The problem, matrix multiplication, is a crucial type of calculation at the heart of many different applications, from displaying images on a screen to simulating complex physics. It is also fundamental to machine learning itself. Speeding up this calculation could have a big impact on thousands of everyday computer tasks, cutting costs and saving energy.
“This is a really amazing result,” says François Le Gall, a mathematician at Nagoya University in Japan, who was not involved in the work. “Matrix multiplication is used everywhere in engineering,” he says. “Anything you want to solve numerically, you typically use matrices.”
Despite the calculation’s ubiquity, it is still not well understood. A matrix is simply a grid of numbers, representing anything you want. Multiplying two matrices together typically involves multiplying the rows of one with the columns of the other.
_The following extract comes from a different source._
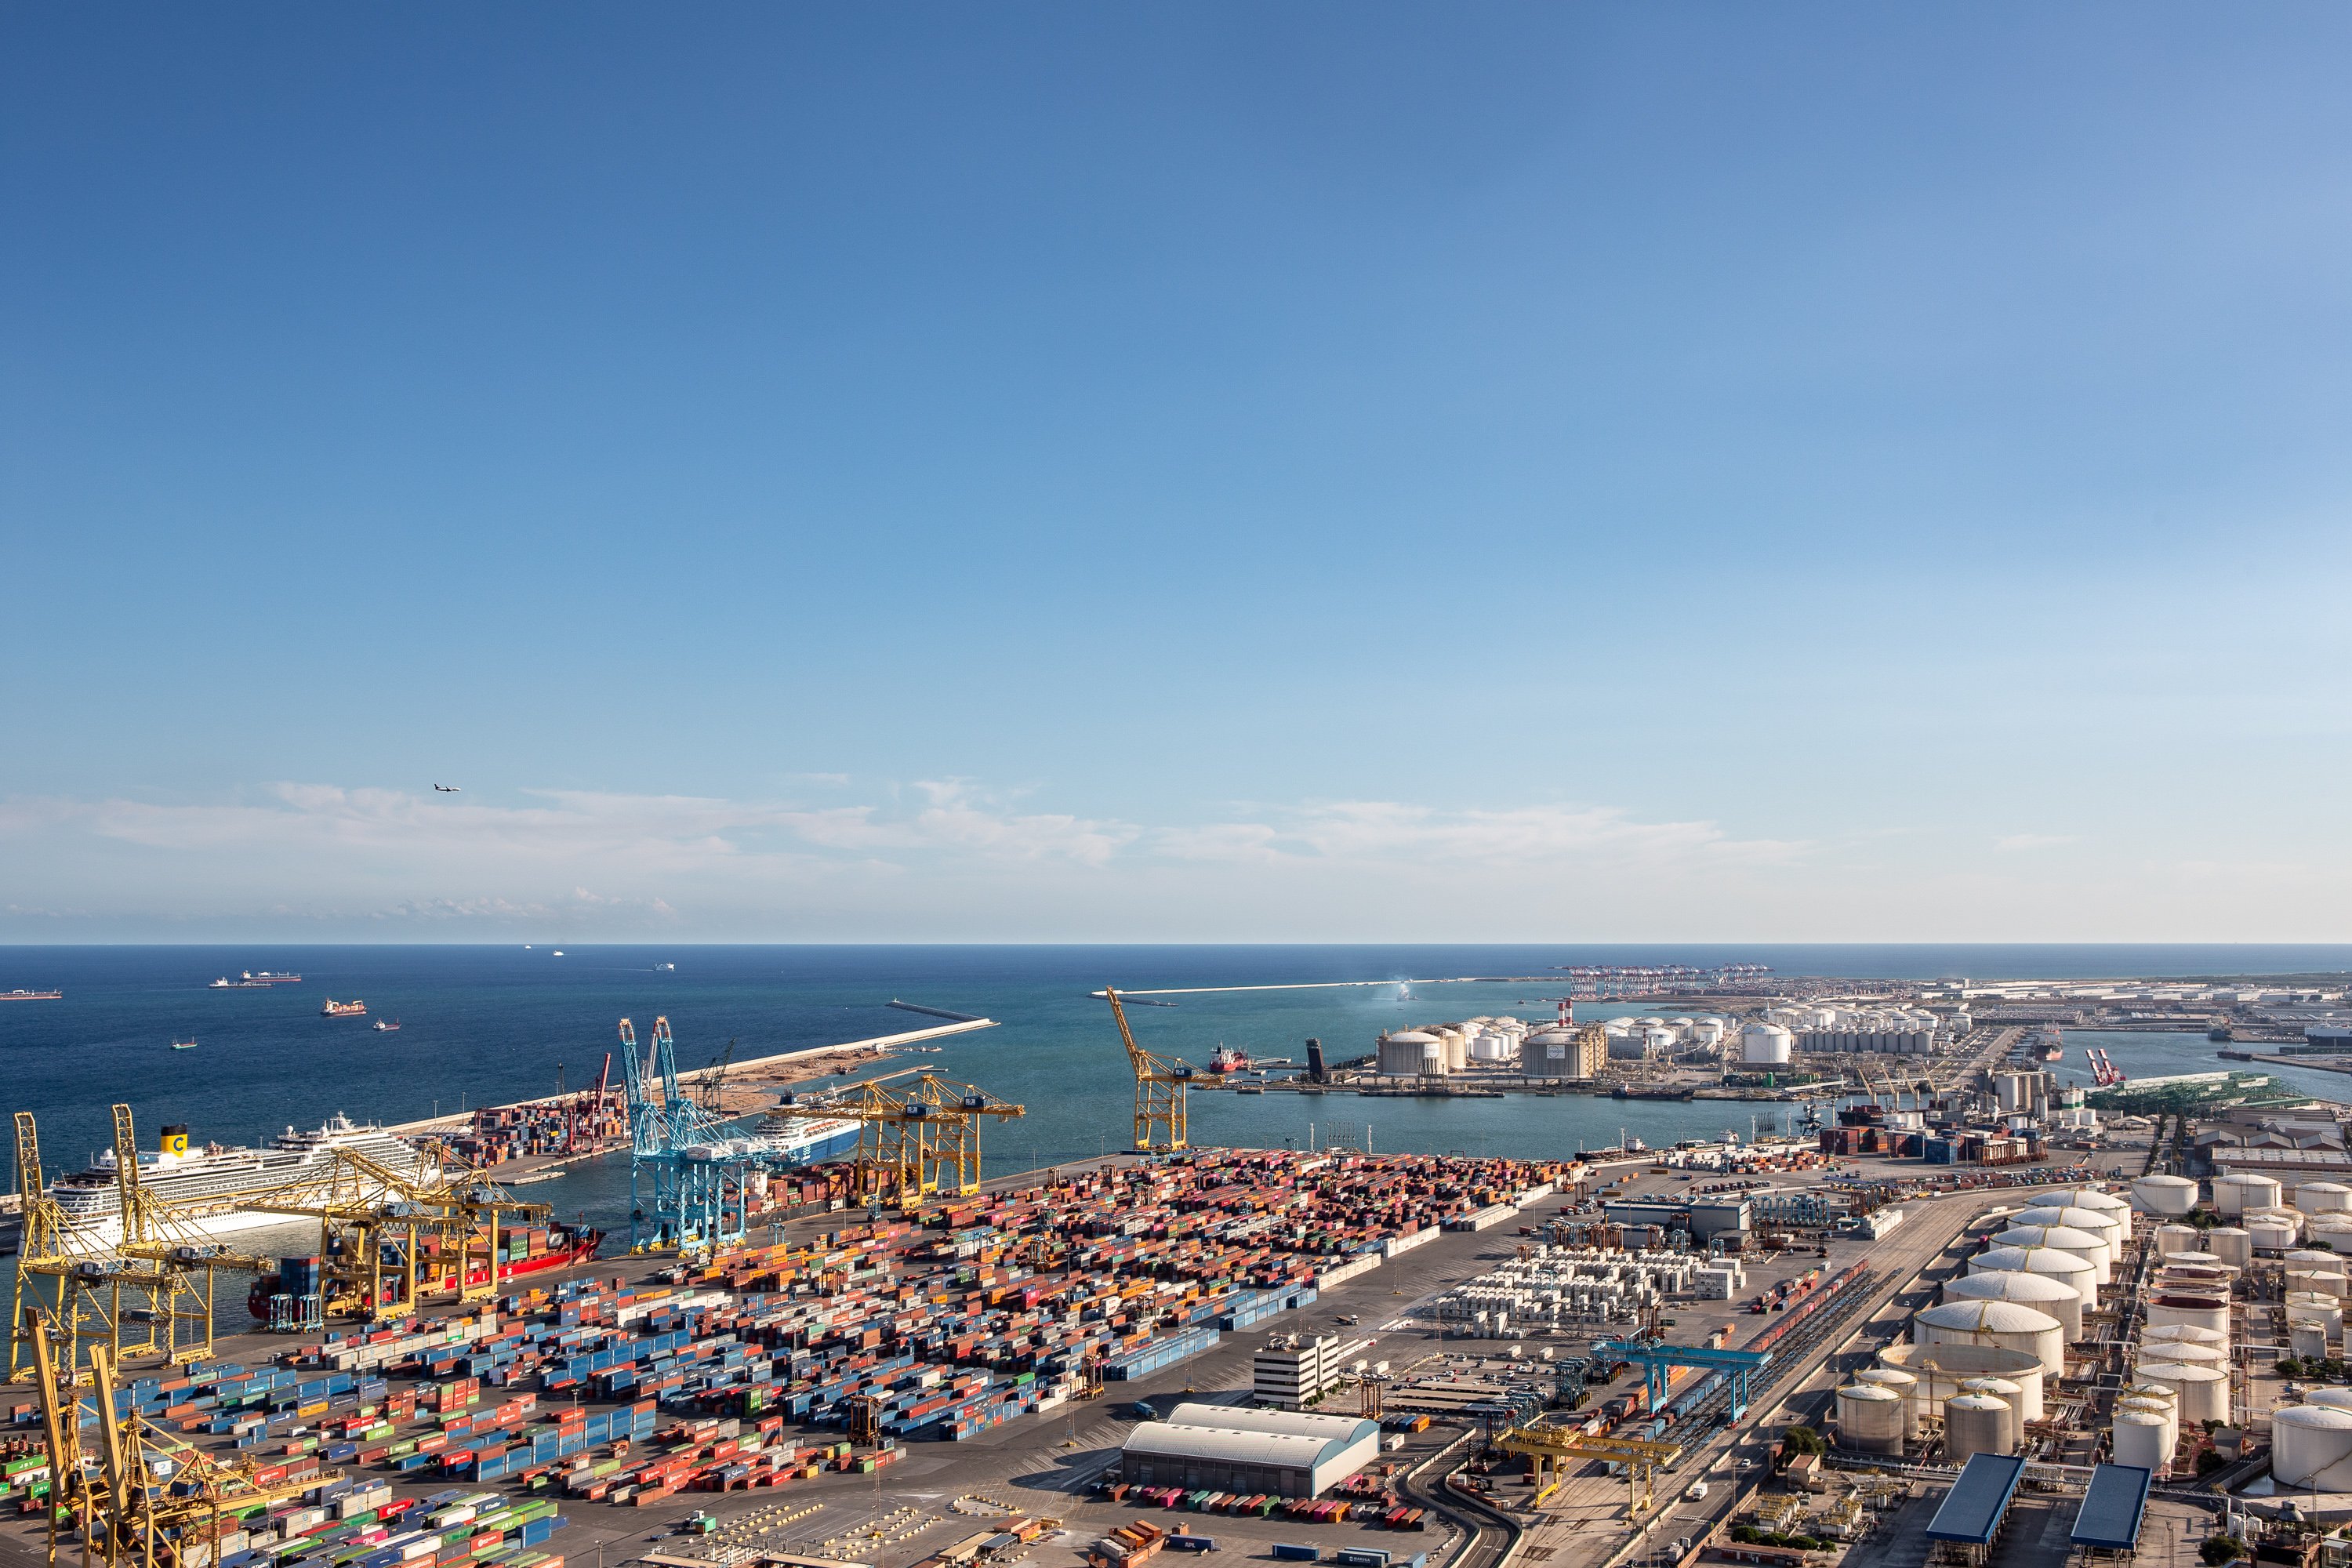 El tráfico de mercancías en el puerto de Barcelona crece un 1,3% hasta octubre
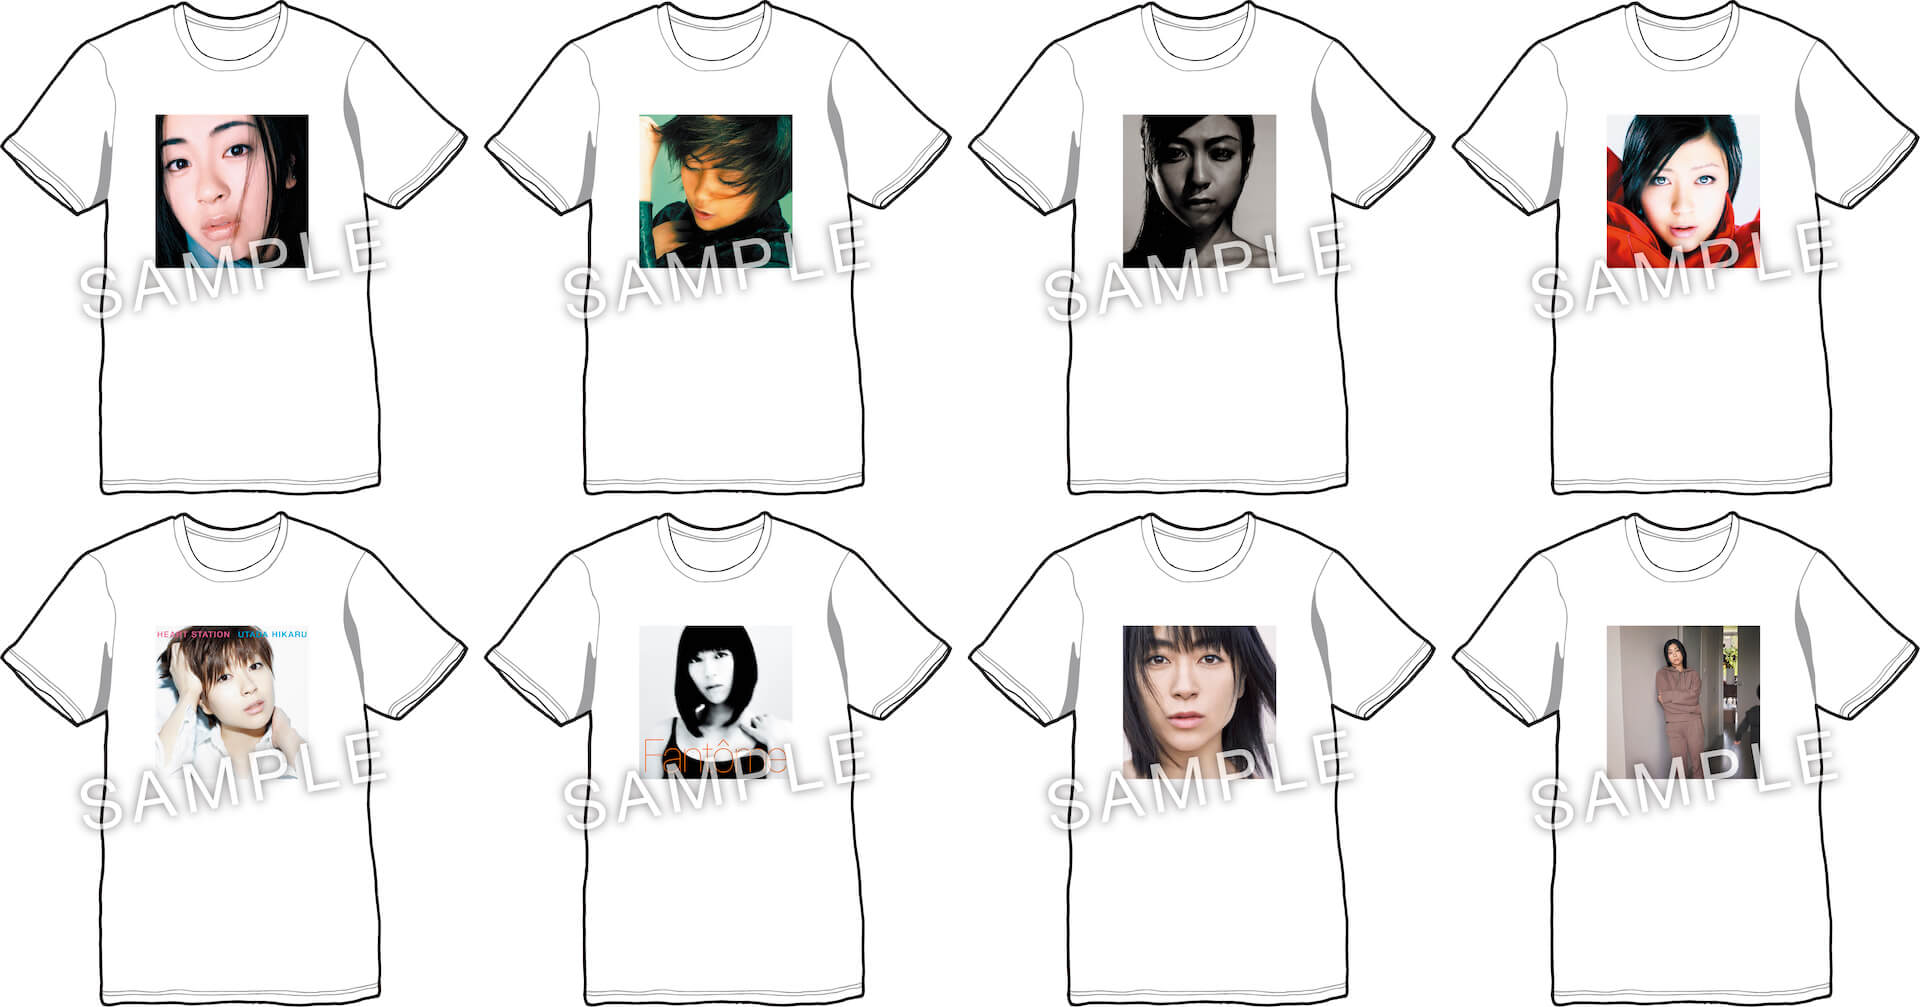 宇多田ヒカル 最新アルバム Badモード 含むアナログ盤購入者プレゼントのtシャツデザインが公開 Qetic

The basic technique for solving the problem is taught in high school. “It’s like the ABC of computing,” says Pushmeet Kohli, head of DeepMind’s AI for Science team.
But things get complicated when you try to find a faster method. “Nobody knows the best algorithm for solving it,” says Le Gall. “It’s one of the biggest open problems in computer science.”
This is because there are more ways to multiply two matrices together than there are atoms in the universe (10 to the power of 33, for some of the cases the researchers looked at). “The number of possible actions is almost infinite,” says Thomas Hubert, an engineer at DeepMind.
The trick was to turn the problem into a kind of three-dimensional board game, called TensorGame. The board represents the multiplication problem to be solved, and each move represents the next step in solving that problem. The series of moves made in a game therefore represents an algorithm.
The researchers trained a new version of AlphaZero, called AlphaTensor, to play this game. Instead of learning the best series of moves to make in Go or chess, AlphaTensor learned the best series of steps to make when multiplying matrices. It was rewarded for winning the game in as few moves as possible.
“We transformed this into a game, our favorite kind of framework,” says Hubert, who was one of the lead researchers on AlphaZero.
The researchers describe their work in a paper published in Nature today. The headline result is that AlphaTensor discovered a way to multiply together two four-by-four matrices that is faster than a method devised in 1969 by the German mathematician Volker Strassen, which nobody had been able to improve on since. The basic high school method takes 64 steps; Strassen’s takes 49 steps. AlphaTensor found a way to do it in 47 steps.
Overall, AlphaTensor beat the best existing algorithms for more than 70 different sizes of matrix. It reduced the number of steps needed to multiply two nine-by-nine matrices from 511 to 498, and the number required for multiplying two 11-by-11 matrices from 919 to 896. In many other cases, AlphaTensor rediscovered the best existing algorithm.
The researchers were surprised by how many different correct algorithms AlphaTensor found for each size of matrix. “It’s mind-boggling to see that there are at least 14,000 ways of multiplying four-by-four matrices,” says Hussein Fawzi, a research scientist at DeepMind.
Having looked for the fastest algorithms in theory, the DeepMind team then wanted to know which ones would be fast in practice. Different algorithms can run better on different hardware because computer chips are often designed for specific types of computation. The DeepMind team used AlphaTensor to look for algorithms that were tailored to Nvidia V100 GPU and Google TPU processors, two of the most common chips used for training neural networks. The algorithms that they found were 10 to 20% faster at matrix multiplication than those typically used with those chips.
Virginia Williams, a computer scientist at MIT’s Computer Science and Artificial Intelligence Laboratory, is excited by the results. She notes that people have used computational approaches to find new algorithms for matrix multiplication for some time—and many of the existing fastest algorithms were devised in this way. But none were able to improve on long-standing results like Strassen’s.
“This new method does something completely different from what the others did,” says Williams. “It would be nice to figure out whether this new method actually subsumes all the previous ones, or whether you can combine them and get something even better.”
DeepMind now plans to use AlphaTensor to look for other types of algorithms. “It’s a new way of doing computer science,” says Kohli.